[Data records]
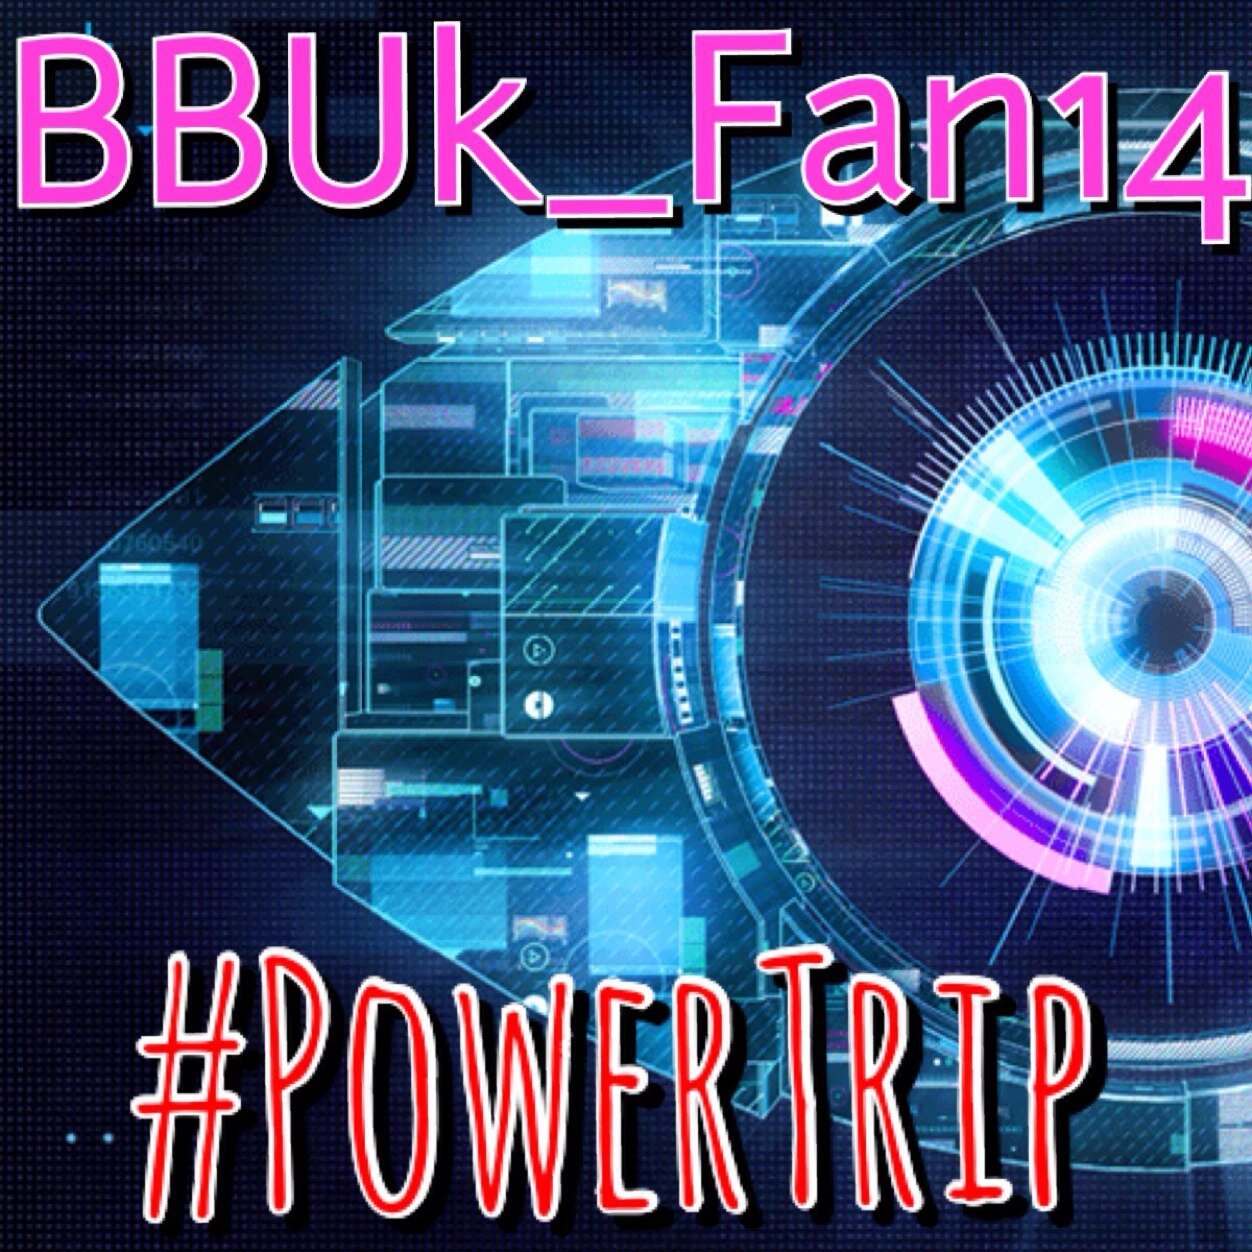 *WARNING* 

I tweet a lot about all things BB! I'm a superfan! 

#BBUK #BBPowerTrip
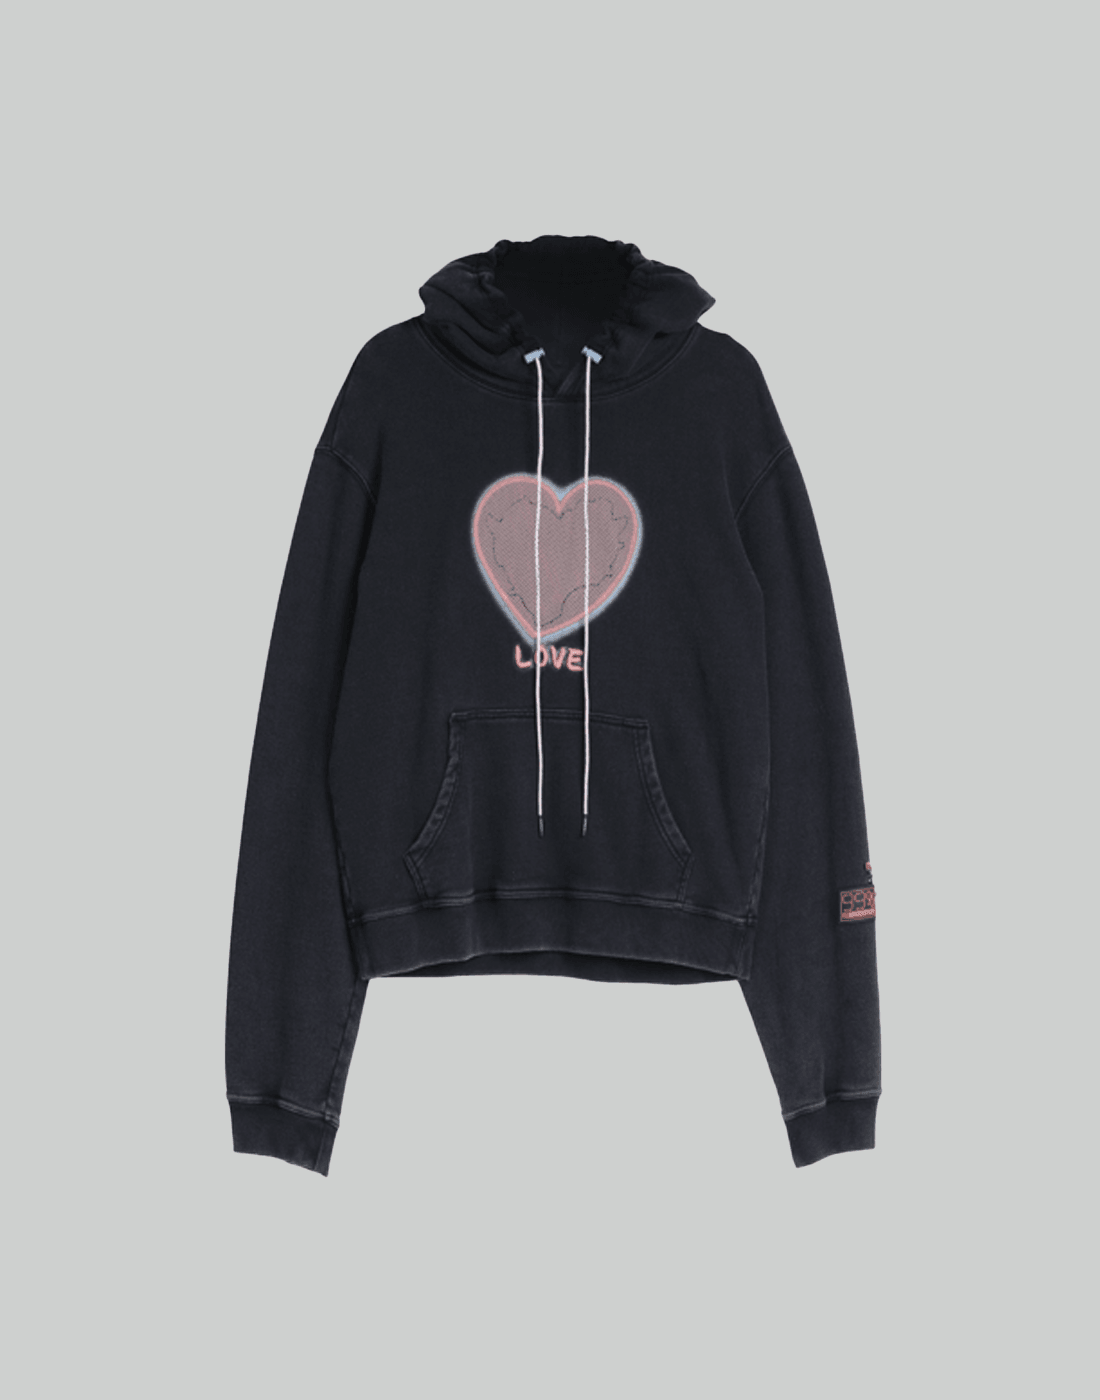 99%IS- "1%ove" Sex Washed Hoodie (Hand Made Custom) - 082plus
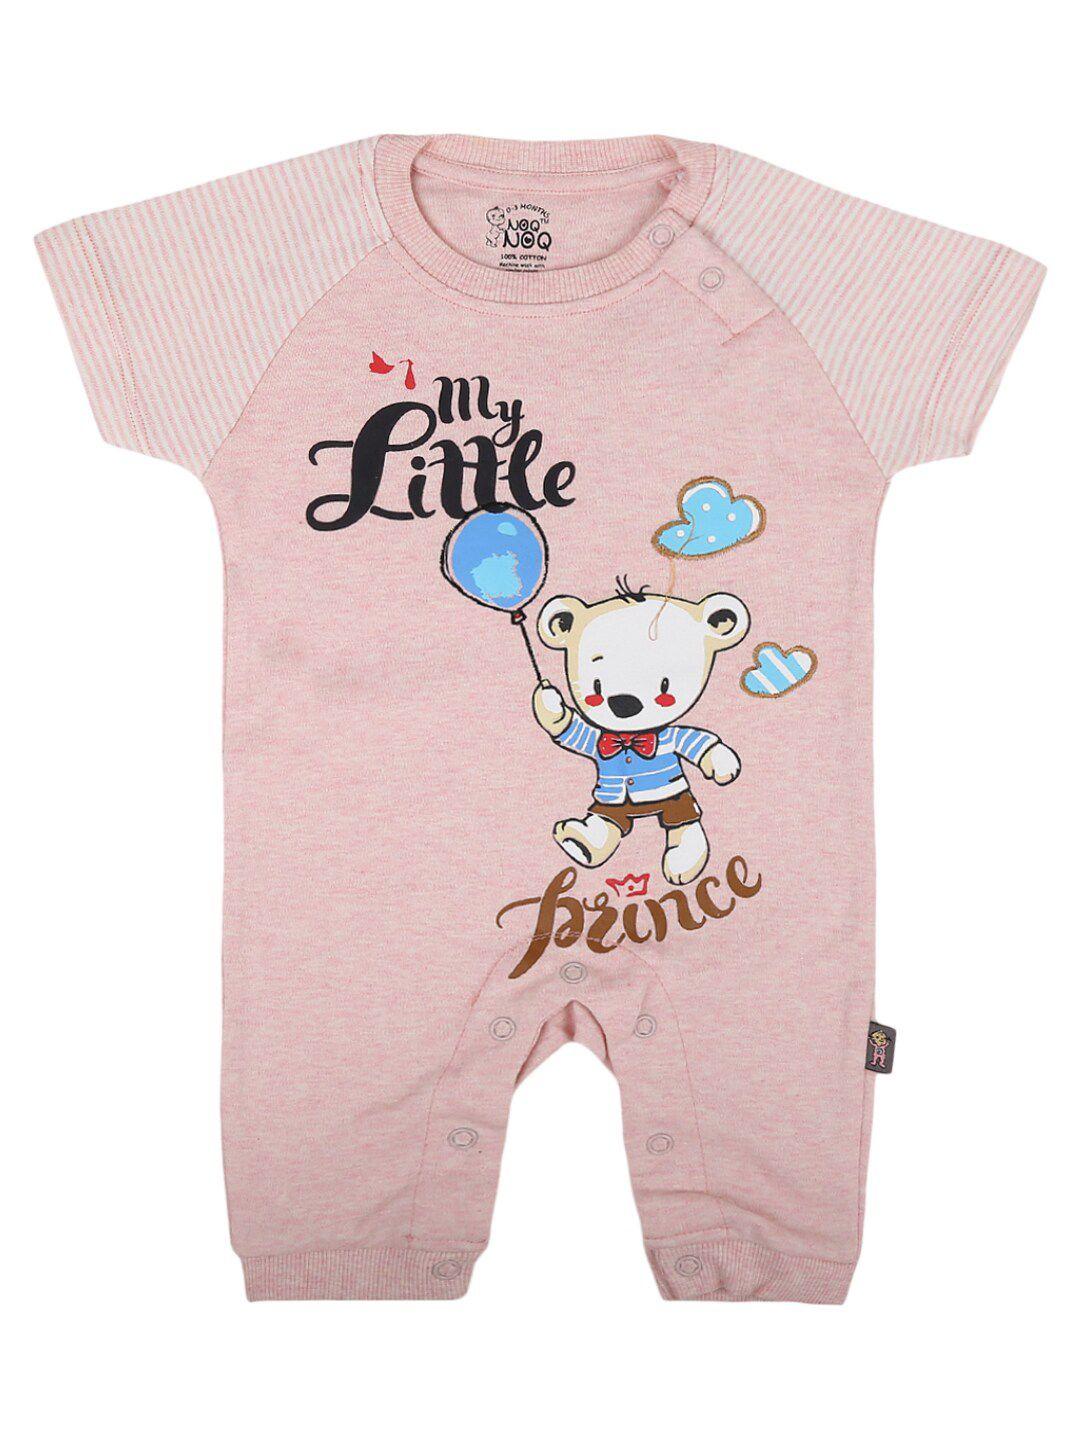 v-mart-kids-pink-&-white-printed-pure-cotton-rompers

Exercise:
Starting at the line containing "#BBUK #BBPowerTrip", output every remaining line of the records above exactly, the last one included. Nothing else belongs in the output, and no pictures either.

Task response:
#BBUK #BBPowerTrip
 99%IS- "1%ove" Sex Washed Hoodie (Hand Made Custom) - 082plus
 v-mart-kids-pink-&-white-printed-pure-cotton-rompers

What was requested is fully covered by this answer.